= Provided material =
◆ ◆ ◆ ◆ ◆
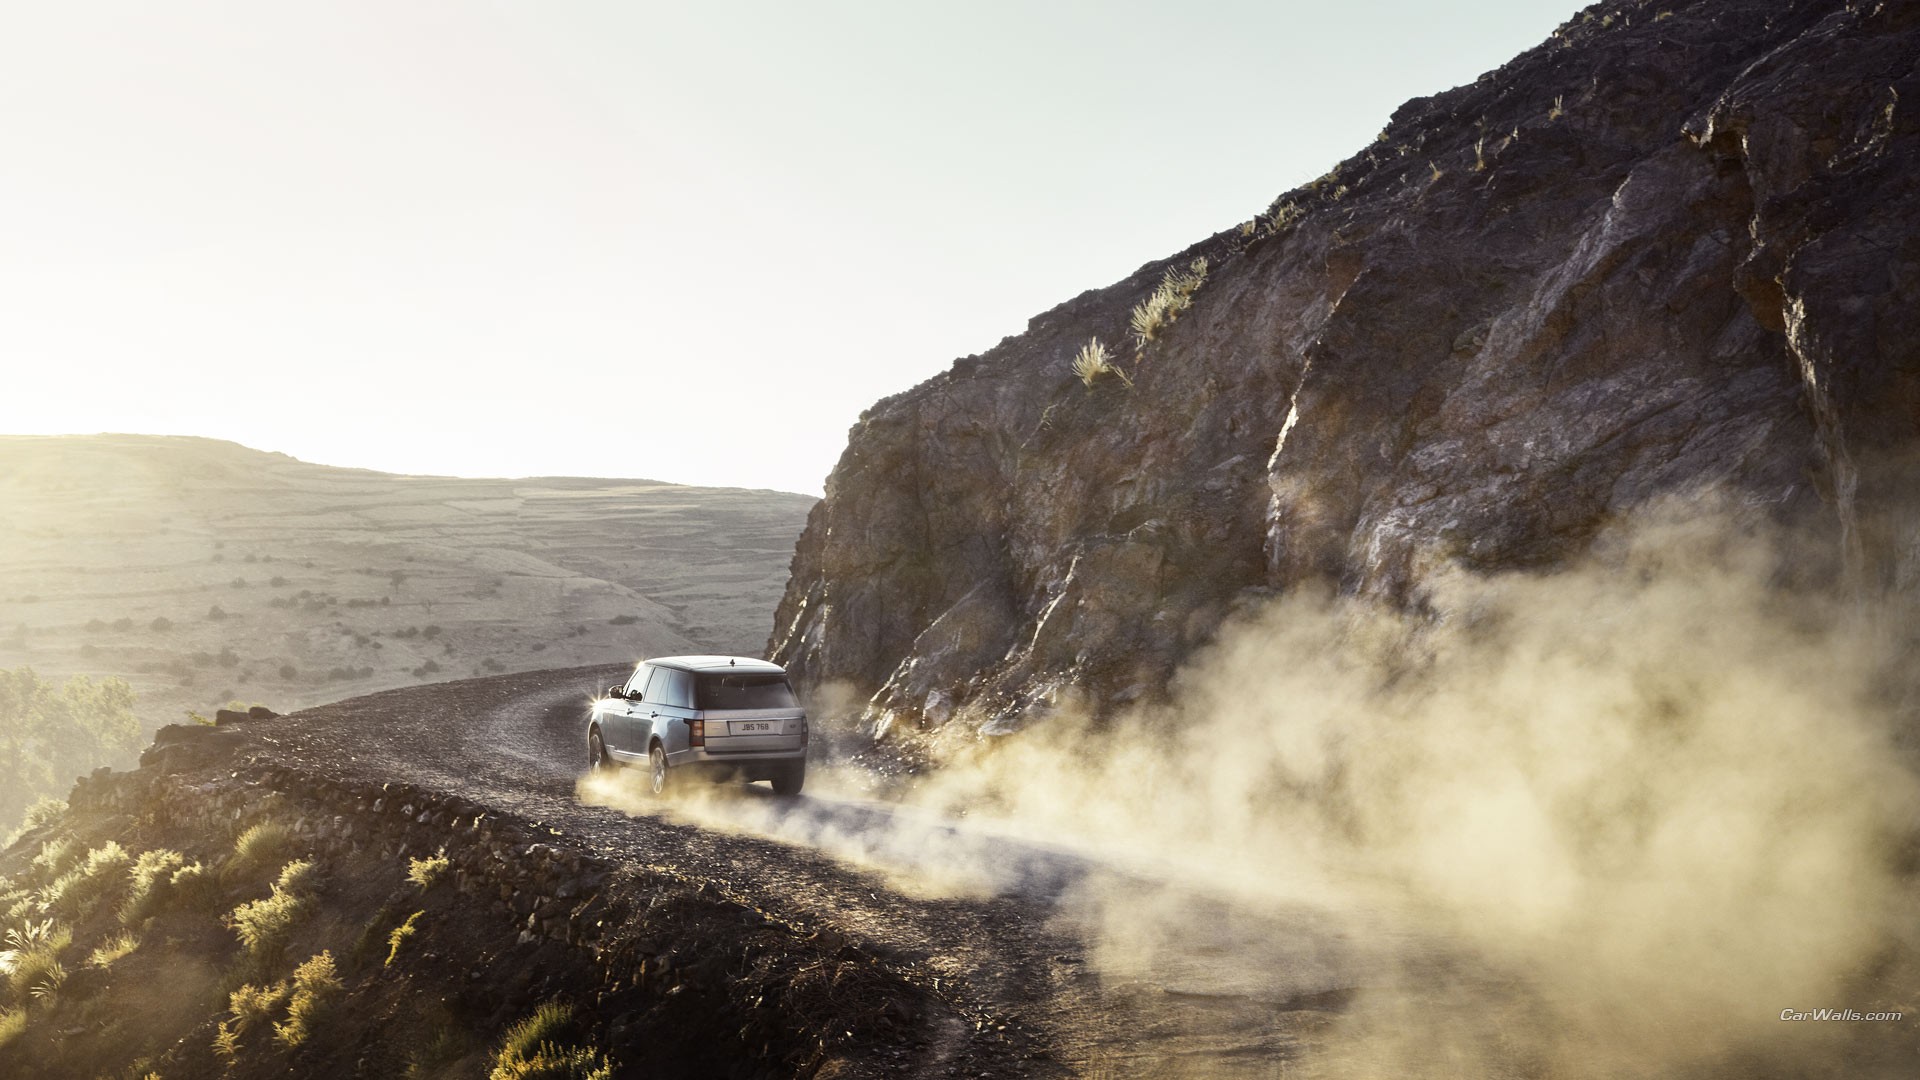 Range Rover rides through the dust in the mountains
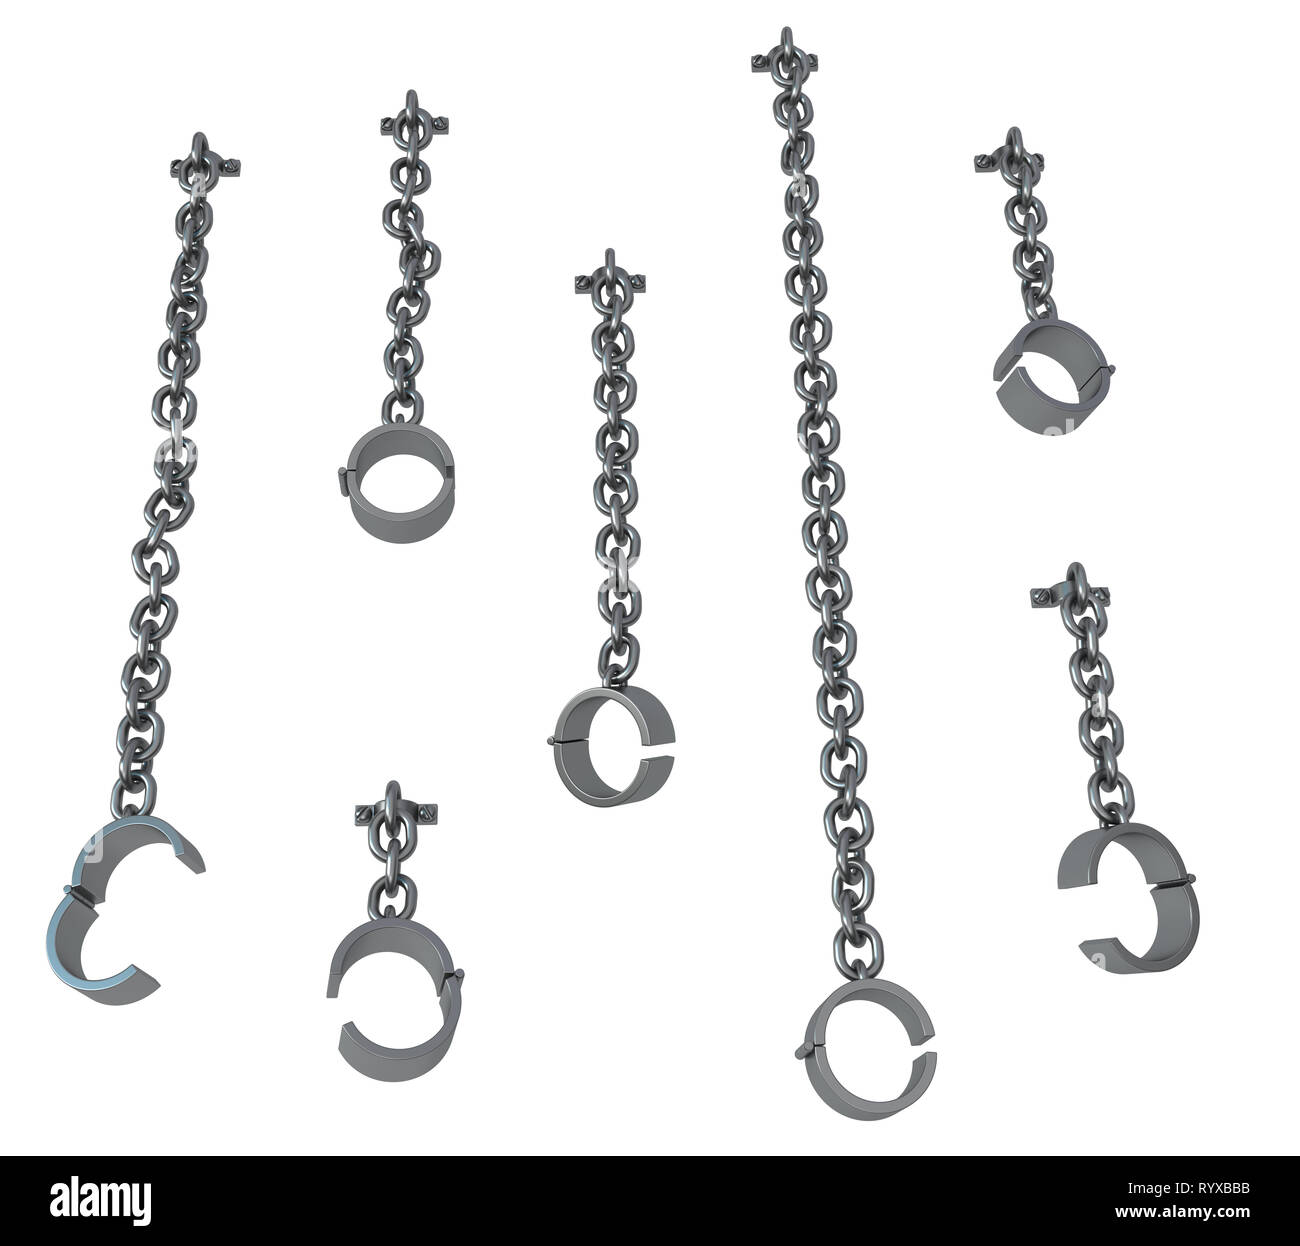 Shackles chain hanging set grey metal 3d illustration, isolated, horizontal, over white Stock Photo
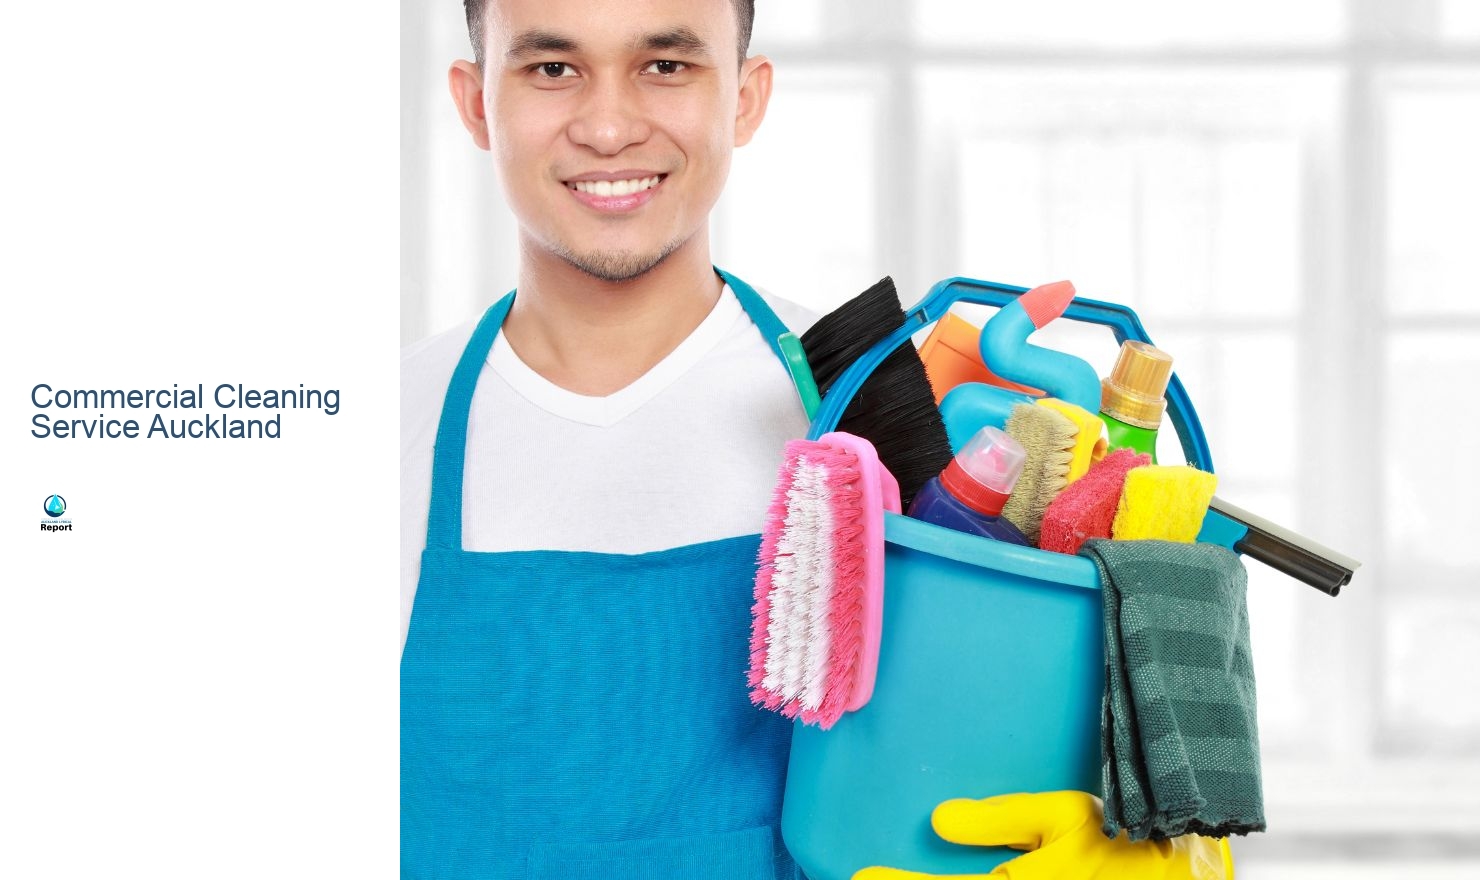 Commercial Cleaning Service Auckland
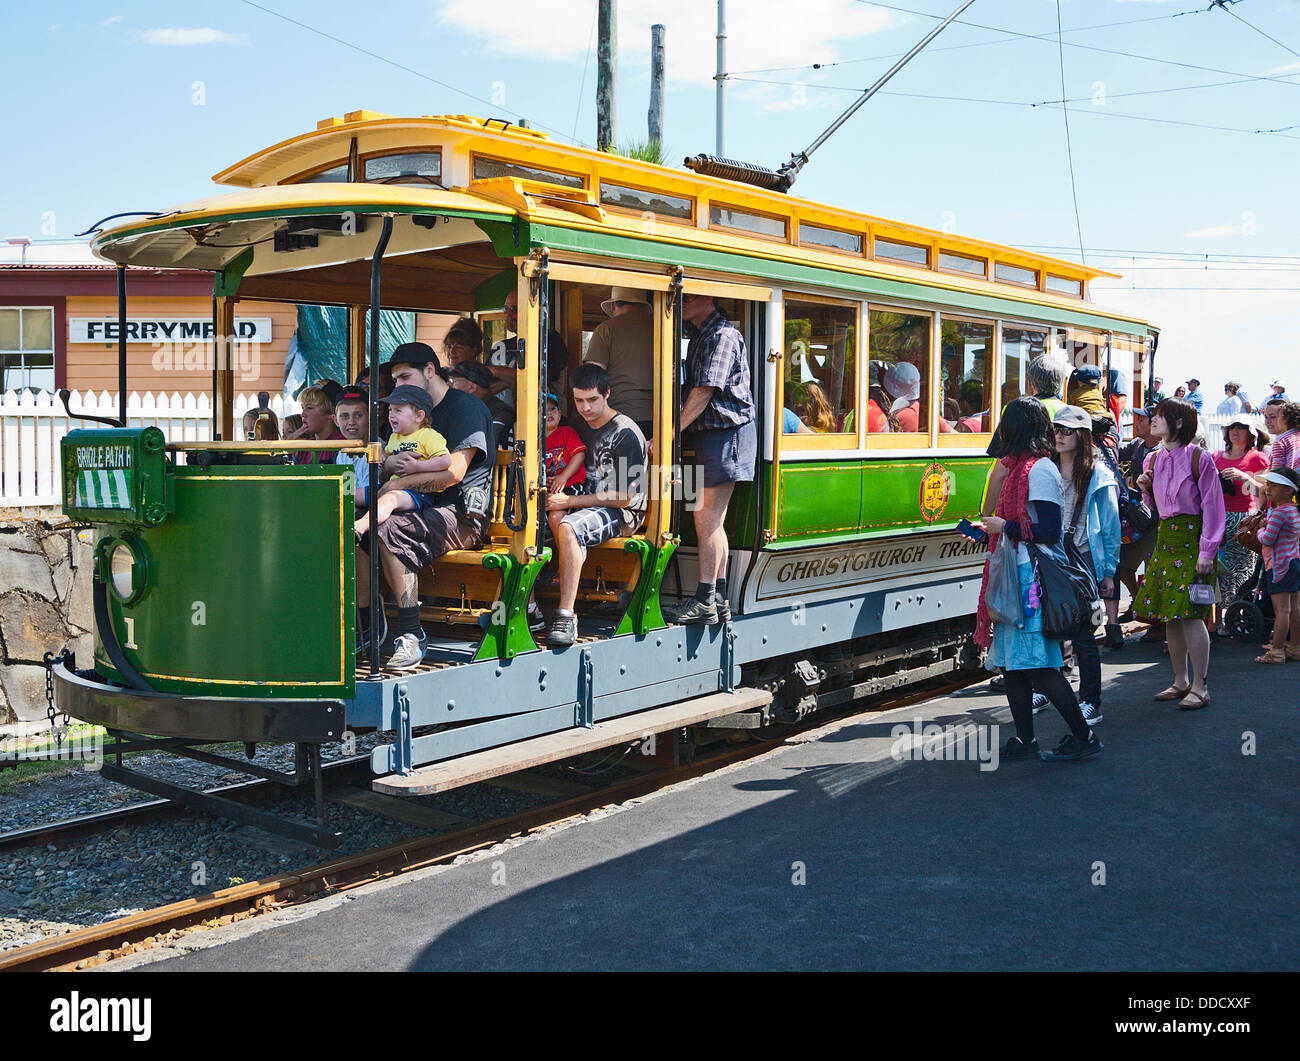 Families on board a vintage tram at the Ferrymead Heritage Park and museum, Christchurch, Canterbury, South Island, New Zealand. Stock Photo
◆ ◆ ◆ ◆ ◆
= Exercise aim =
From the first line to the last, write out the data exactly, dropping any pictures.

= Task answer =
 Range Rover rides through the dust in the mountains
 Shackles chain hanging set grey metal 3d illustration, isolated, horizontal, over white Stock Photo
 Commercial Cleaning Service Auckland
 Families on board a vintage tram at the Ferrymead Heritage Park and museum, Christchurch, Canterbury, South Island, New Zealand. Stock Photo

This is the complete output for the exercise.